:: Data section ::

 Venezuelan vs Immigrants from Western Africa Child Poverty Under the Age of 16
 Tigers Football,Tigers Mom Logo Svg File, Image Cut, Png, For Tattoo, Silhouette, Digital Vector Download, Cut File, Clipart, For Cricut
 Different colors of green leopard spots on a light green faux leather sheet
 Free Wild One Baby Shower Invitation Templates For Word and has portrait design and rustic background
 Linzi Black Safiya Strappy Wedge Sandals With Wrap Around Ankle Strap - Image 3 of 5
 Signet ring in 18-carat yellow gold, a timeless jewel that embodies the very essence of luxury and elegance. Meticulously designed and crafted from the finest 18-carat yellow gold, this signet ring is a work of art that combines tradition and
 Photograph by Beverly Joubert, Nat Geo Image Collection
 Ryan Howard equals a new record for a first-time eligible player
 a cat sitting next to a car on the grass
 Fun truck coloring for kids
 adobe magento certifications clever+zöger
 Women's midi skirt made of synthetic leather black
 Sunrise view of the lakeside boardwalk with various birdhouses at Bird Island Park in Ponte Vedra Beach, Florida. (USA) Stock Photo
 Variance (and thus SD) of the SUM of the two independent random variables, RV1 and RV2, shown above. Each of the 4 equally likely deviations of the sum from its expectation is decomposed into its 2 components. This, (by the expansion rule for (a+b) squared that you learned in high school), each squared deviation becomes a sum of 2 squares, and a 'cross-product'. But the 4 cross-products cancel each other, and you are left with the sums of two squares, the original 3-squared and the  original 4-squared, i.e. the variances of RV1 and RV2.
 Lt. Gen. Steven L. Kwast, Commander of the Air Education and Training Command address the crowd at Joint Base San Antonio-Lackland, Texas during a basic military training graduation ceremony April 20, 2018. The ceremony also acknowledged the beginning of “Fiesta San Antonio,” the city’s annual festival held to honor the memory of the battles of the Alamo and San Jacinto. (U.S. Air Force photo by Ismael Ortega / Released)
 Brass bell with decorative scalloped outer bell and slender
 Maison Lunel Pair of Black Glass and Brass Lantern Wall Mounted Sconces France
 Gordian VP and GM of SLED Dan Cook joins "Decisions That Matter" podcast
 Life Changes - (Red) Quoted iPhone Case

:::

Please find every line in the records that contains the word "Brass", and copy it out.

 Brass bell with decorative scalloped outer bell and slender
 Maison Lunel Pair of Black Glass and Brass Lantern Wall Mounted Sconces France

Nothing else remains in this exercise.